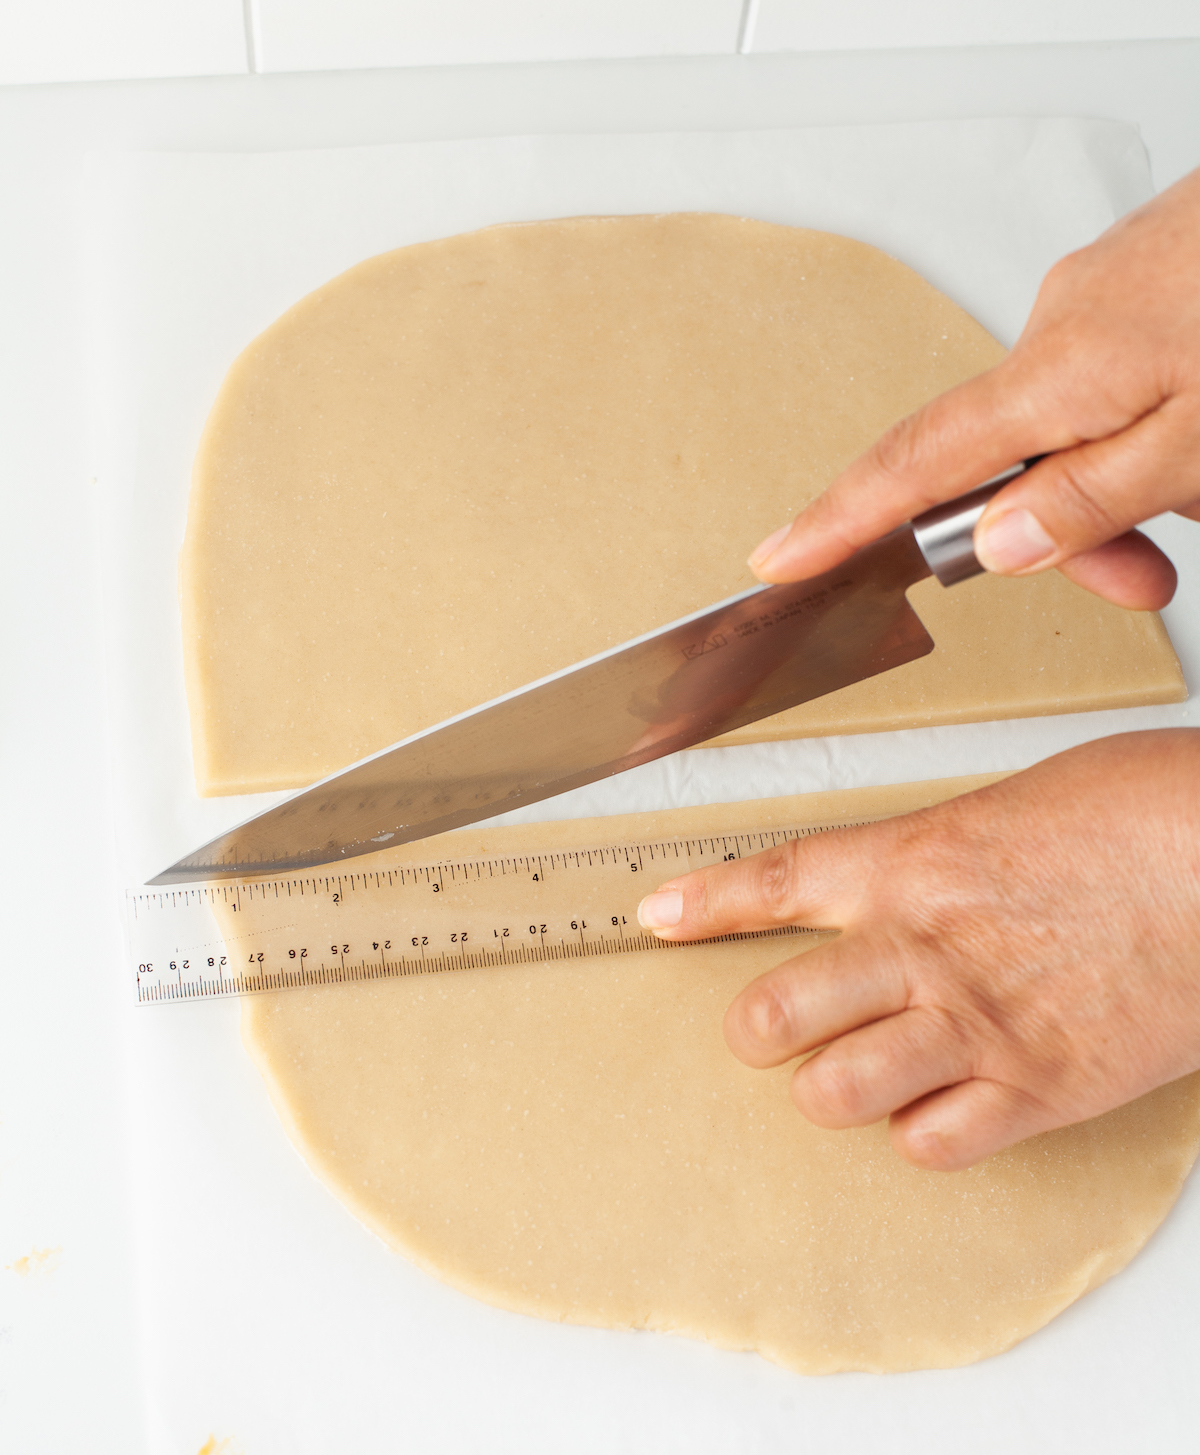 Cut the dough lattice using a knife and ruler
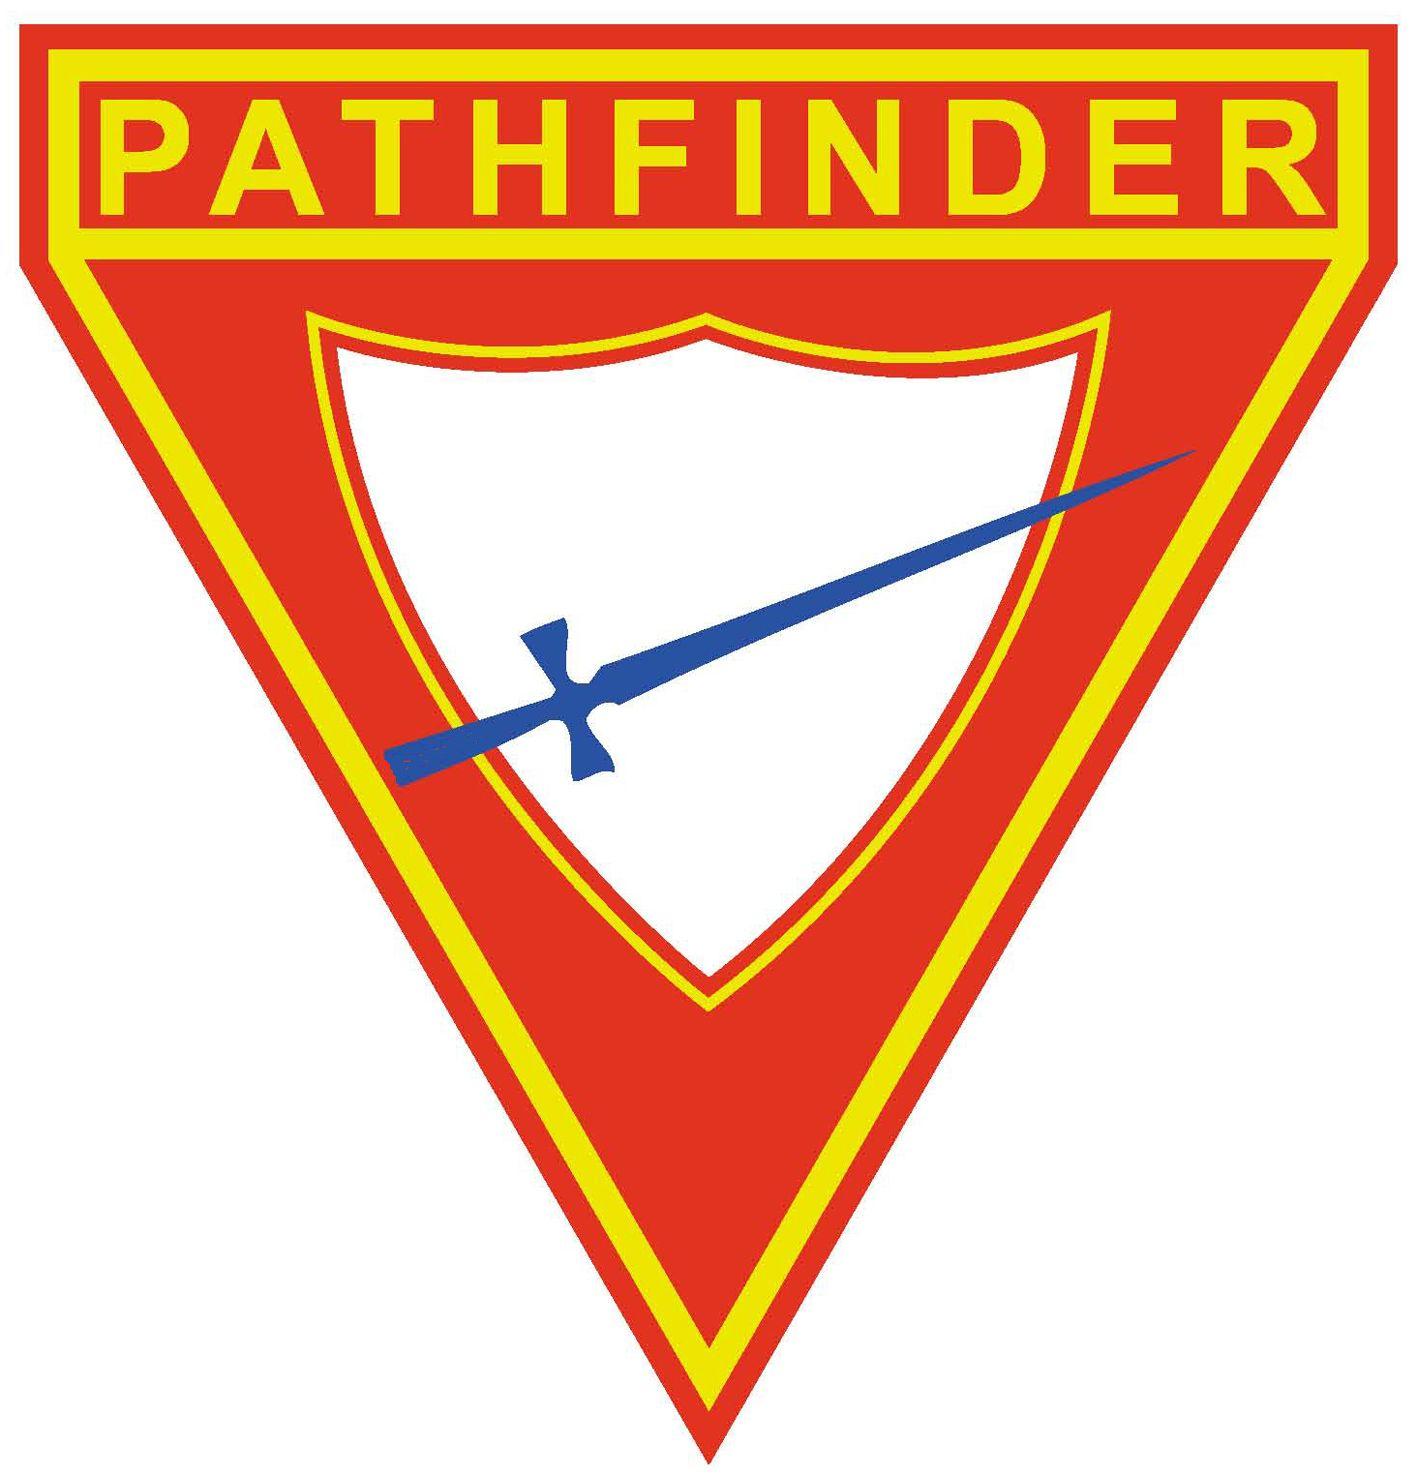 Pathfinder Logo - Pathfinder Club Logos Youth Ministries
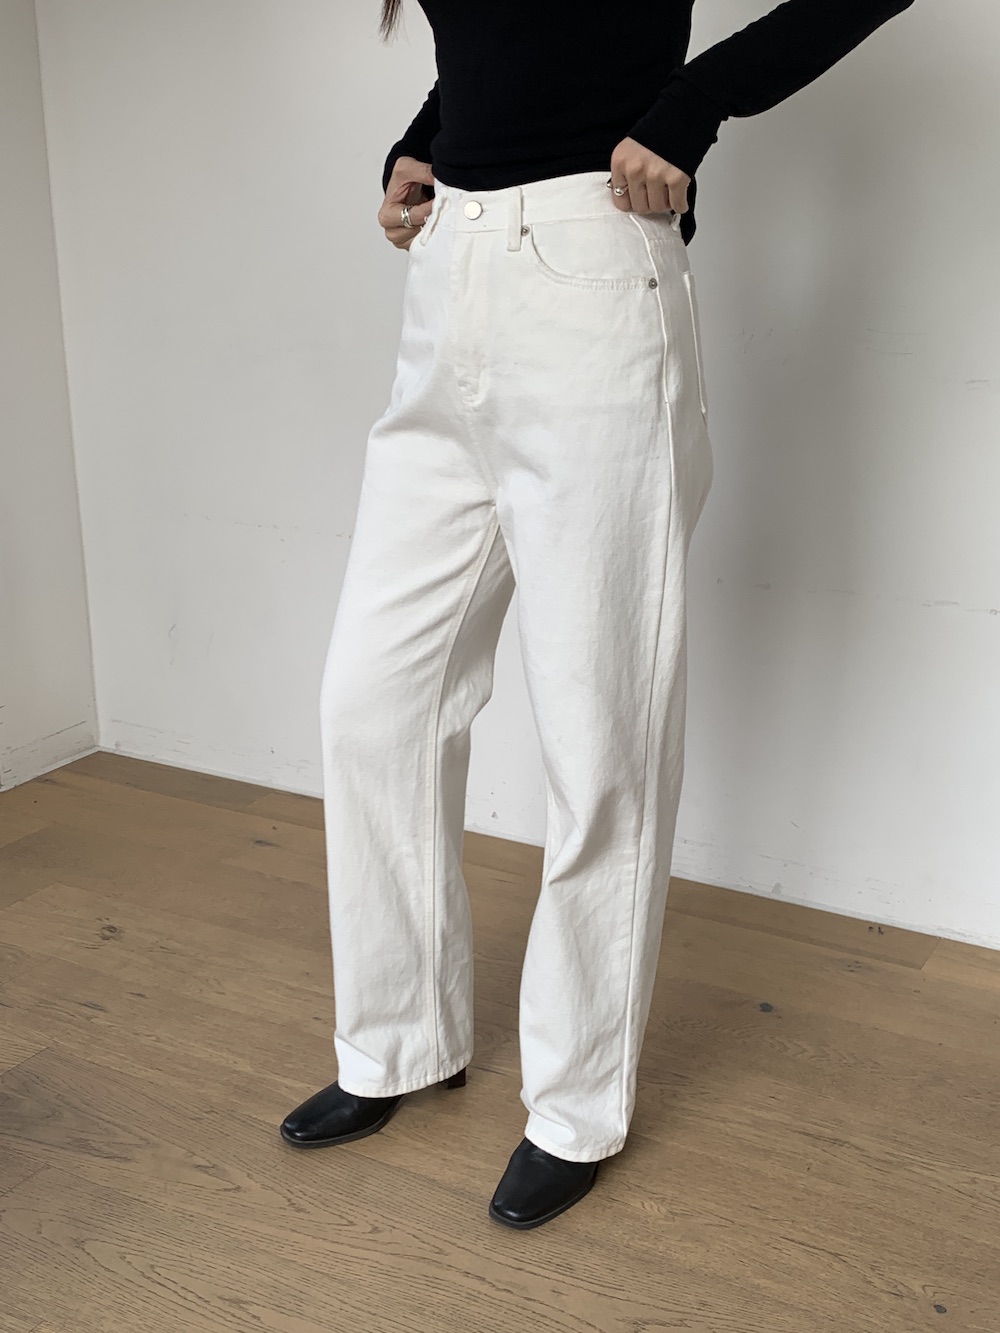 Port white pants (s,m)
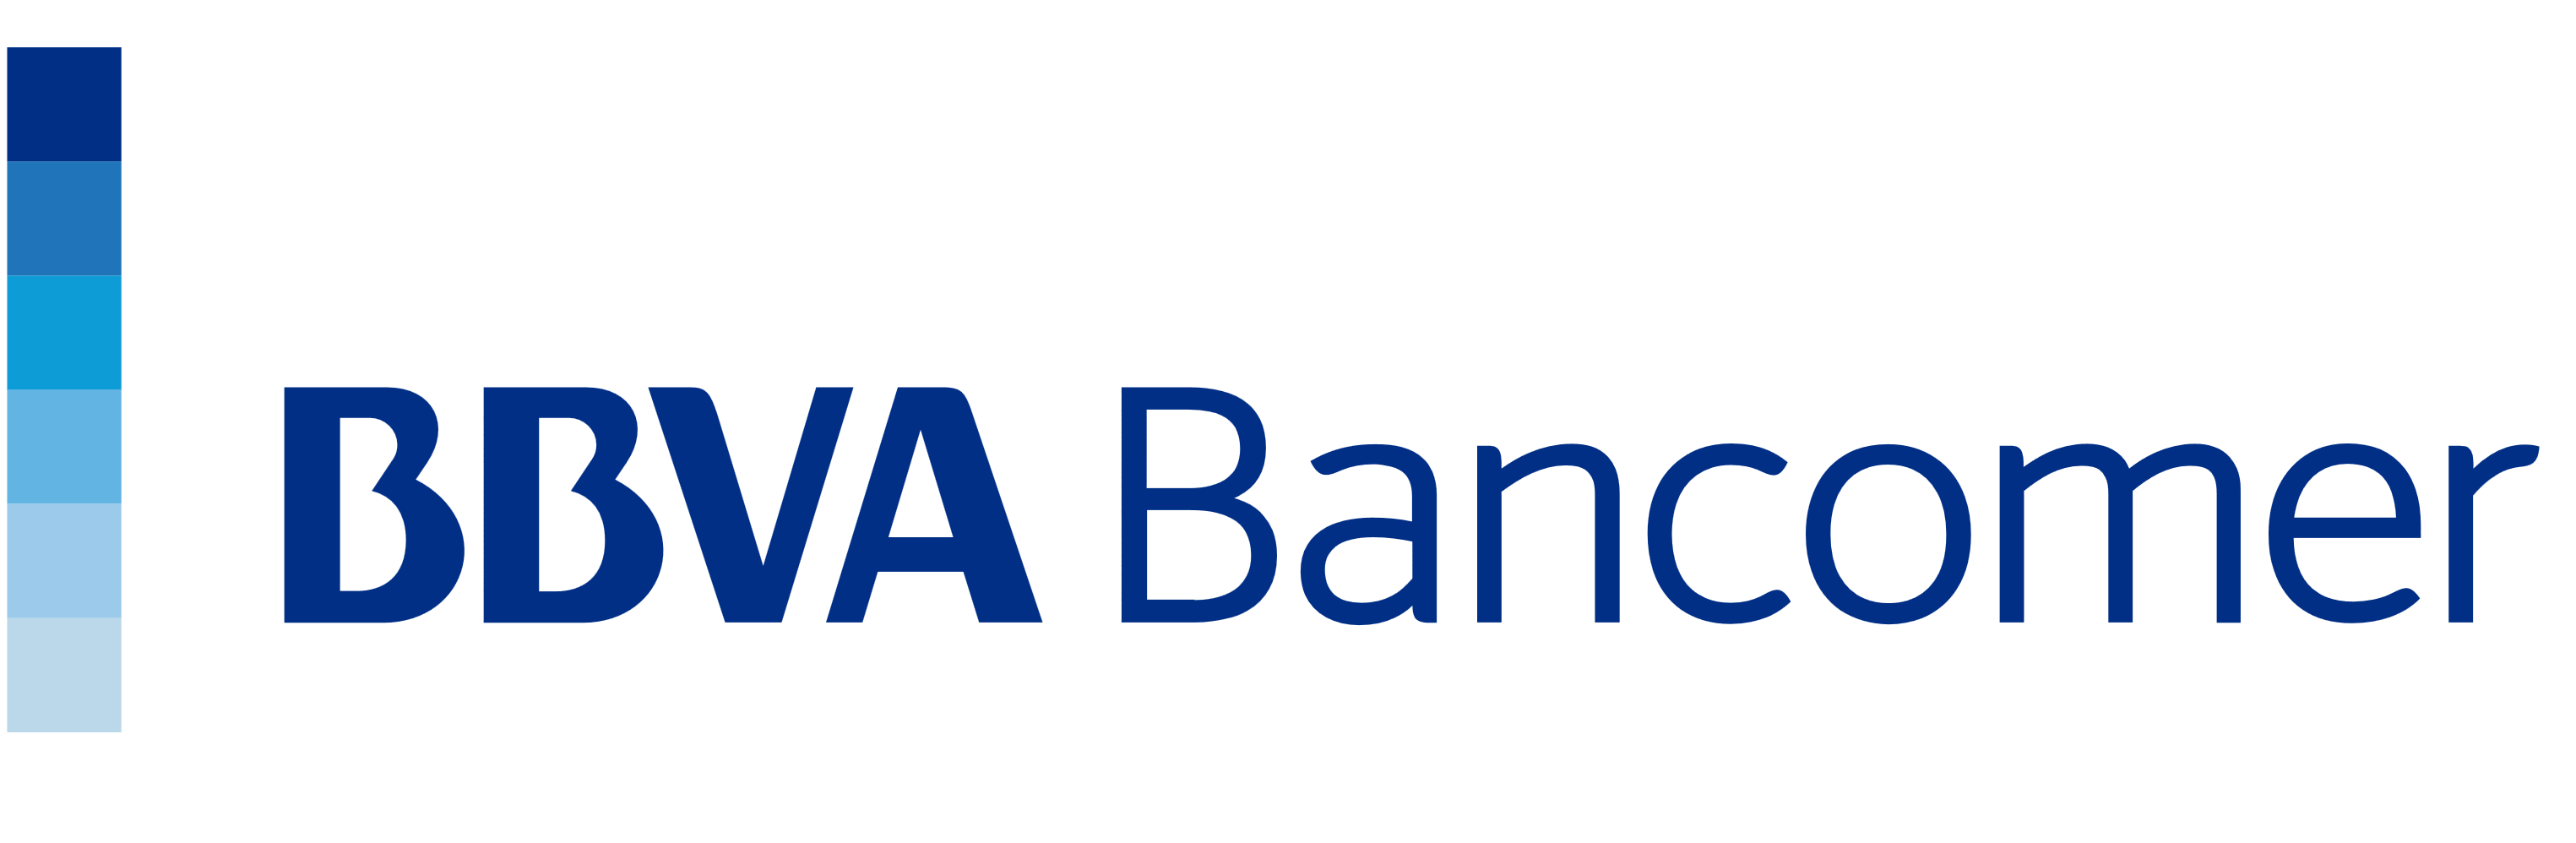 BBVA Bancomer logo, logotype

====

▶ **Problem to work on**: All that is required is an exact reproduction of the lines from the one containing "Port white pants (s,m)" to the final line of the listing above, pictures omitted.

▶ **Task result**:
 Port white pants (s,m)
 BBVA Bancomer logo, logotype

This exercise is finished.